# WHAT TO WORK ON:
Print exactly and only the lines that run from the one containing "Breakfast with pastries, granola" through the end of the material, please, omitting pictures.

===== SUPPLIED DATA

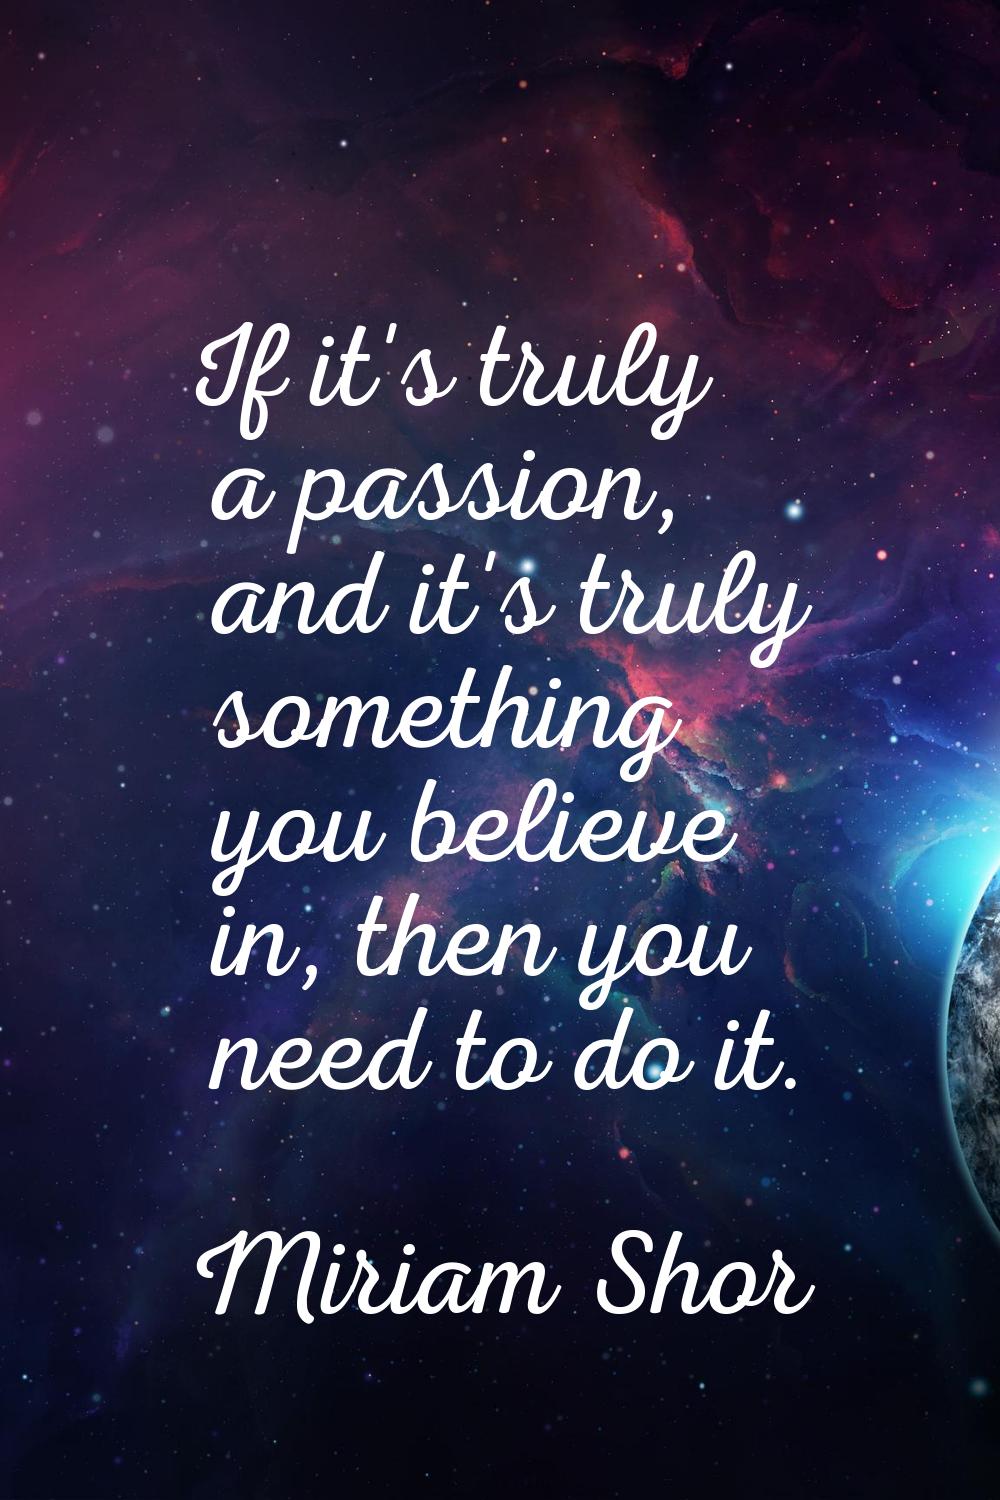 If it's truly a passion, and it's truly something you believe in, then you need to do it.
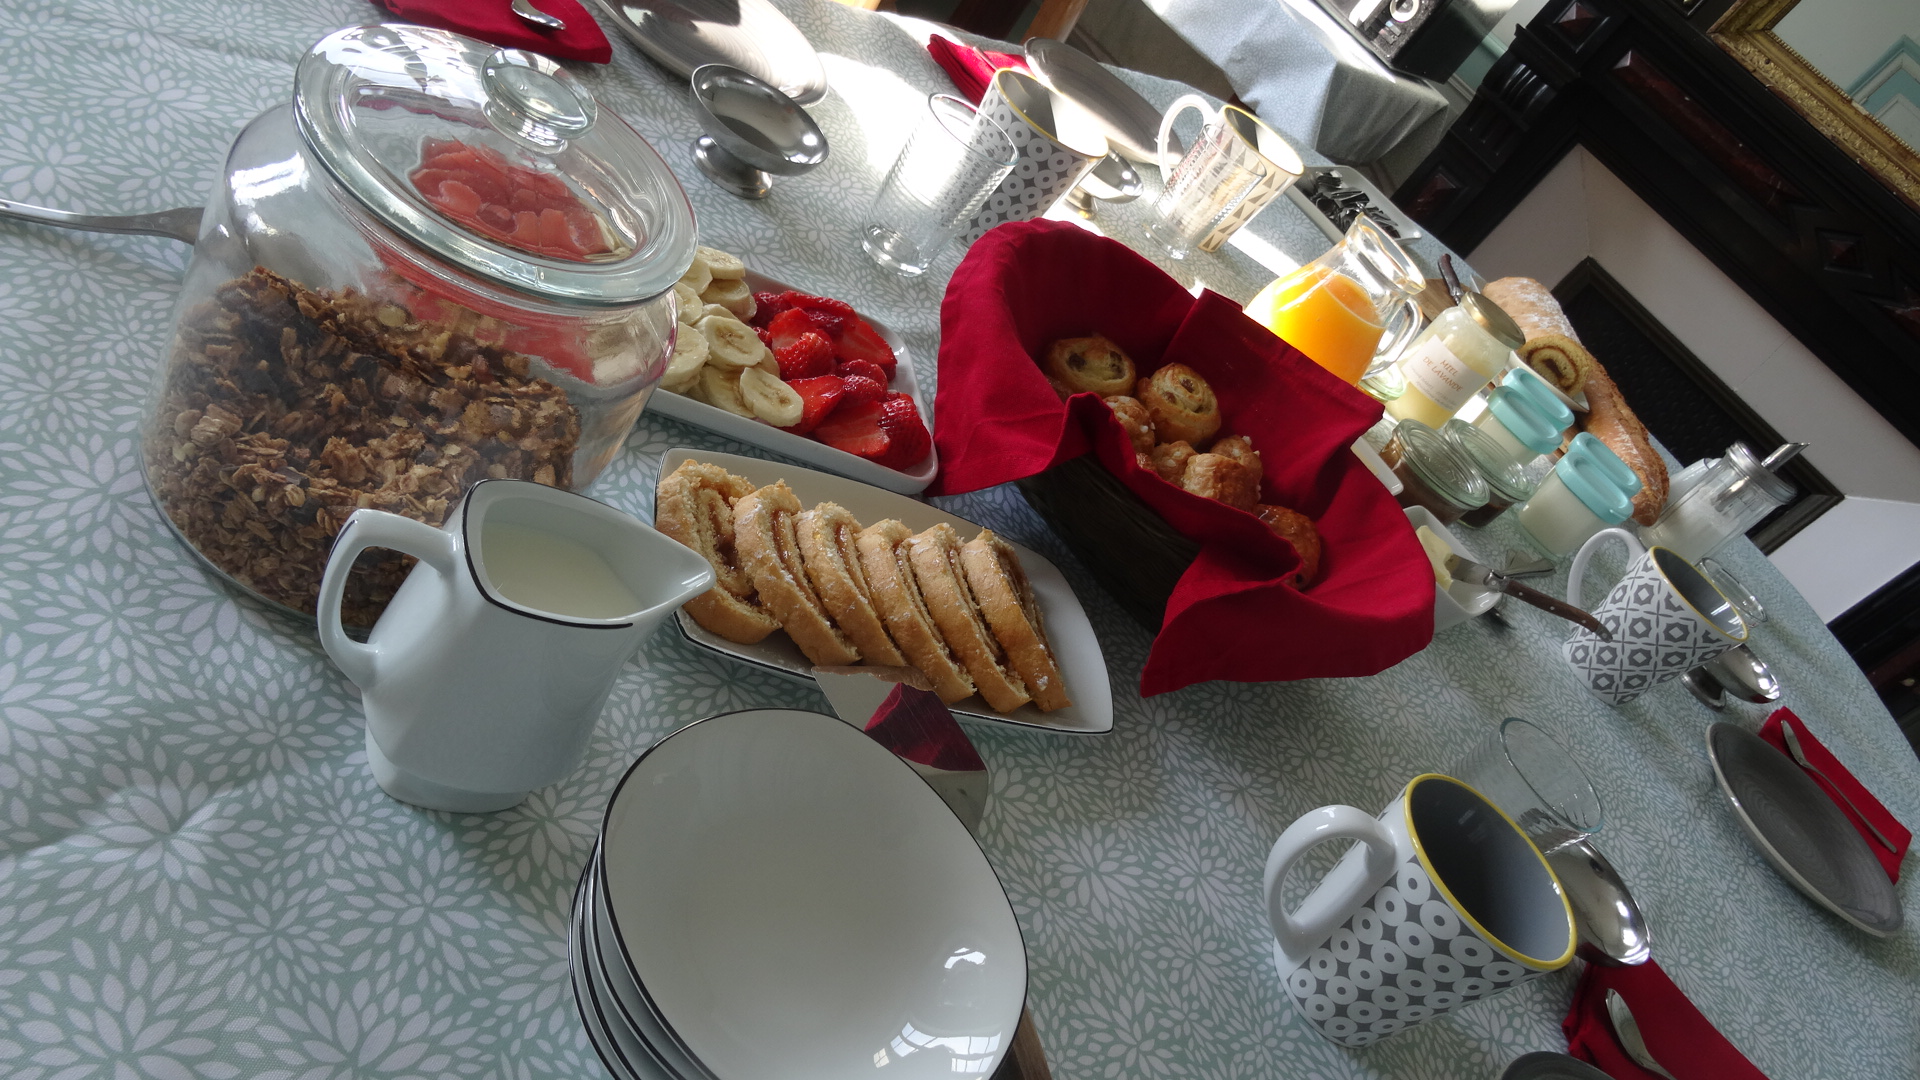 Breakfast with pastries, granola fruits and cakes
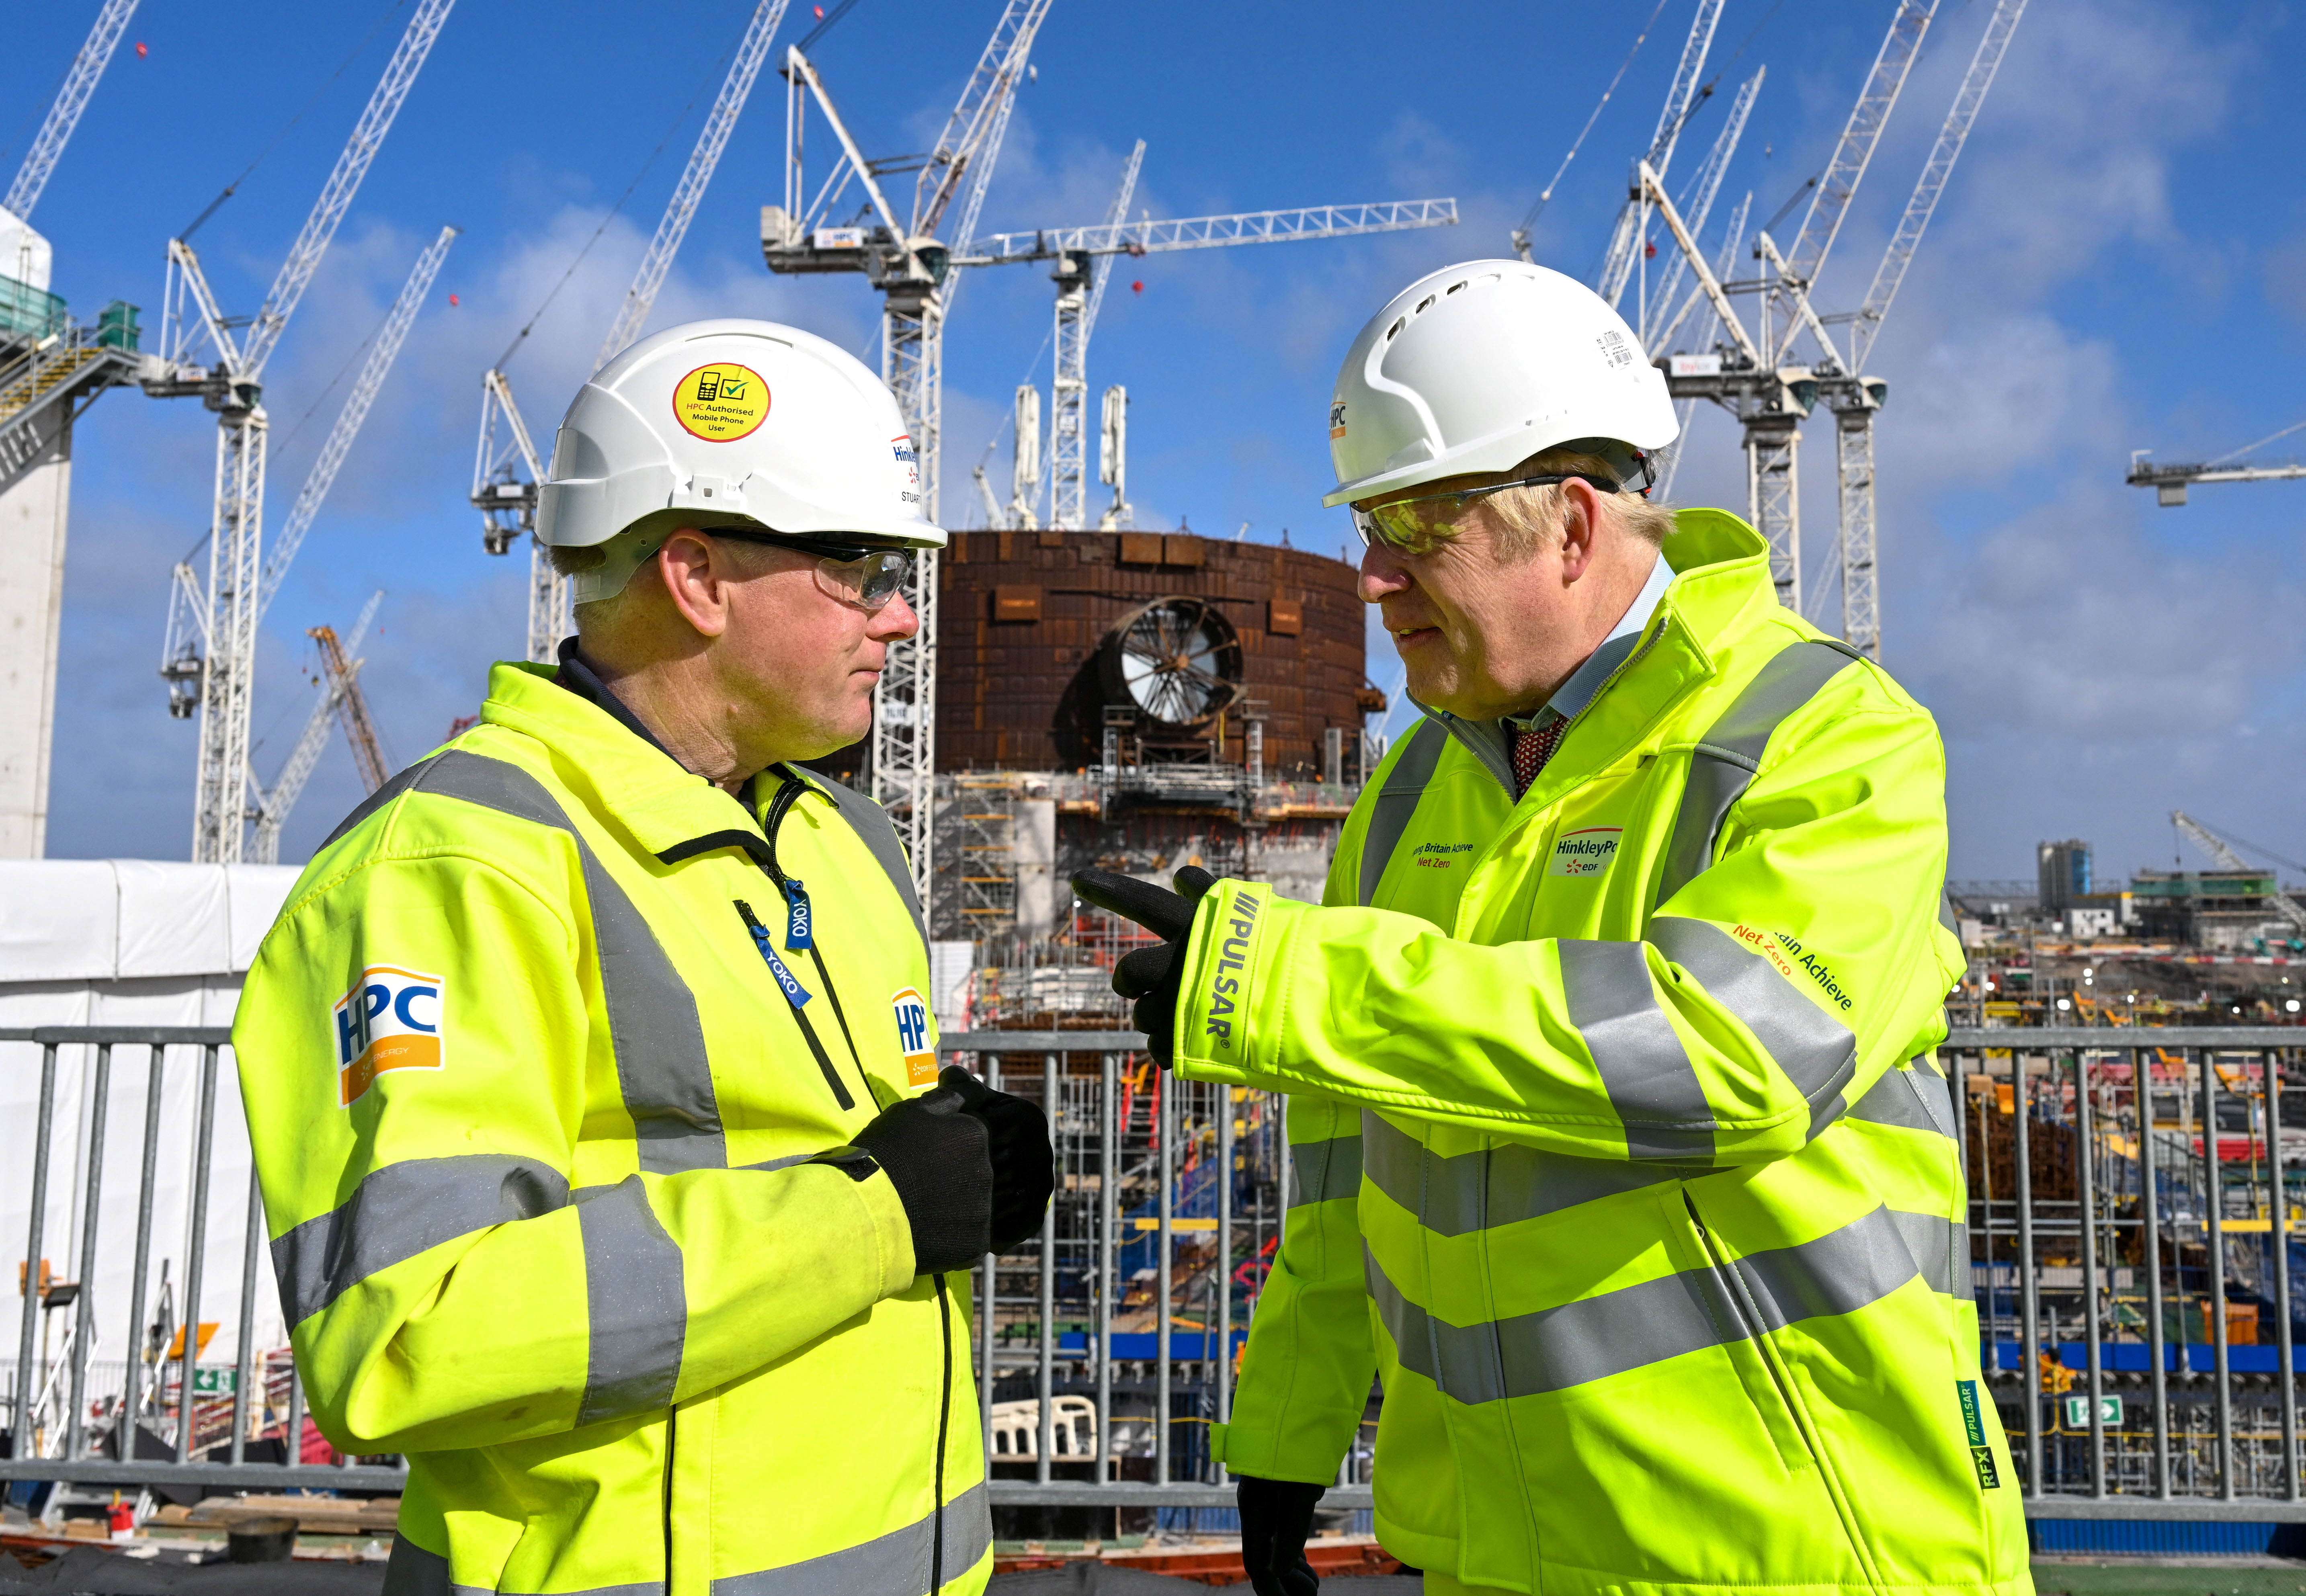 Britain's Prime Minister Boris Johnson visits Hinkley Point C Nuclear Power Station construction site, at Bridgwater

==========

# ANSWER AREA:
 Breakfast with pastries, granola fruits and cakes
 Britain's Prime Minister Boris Johnson visits Hinkley Point C Nuclear Power Station construction site, at Bridgwater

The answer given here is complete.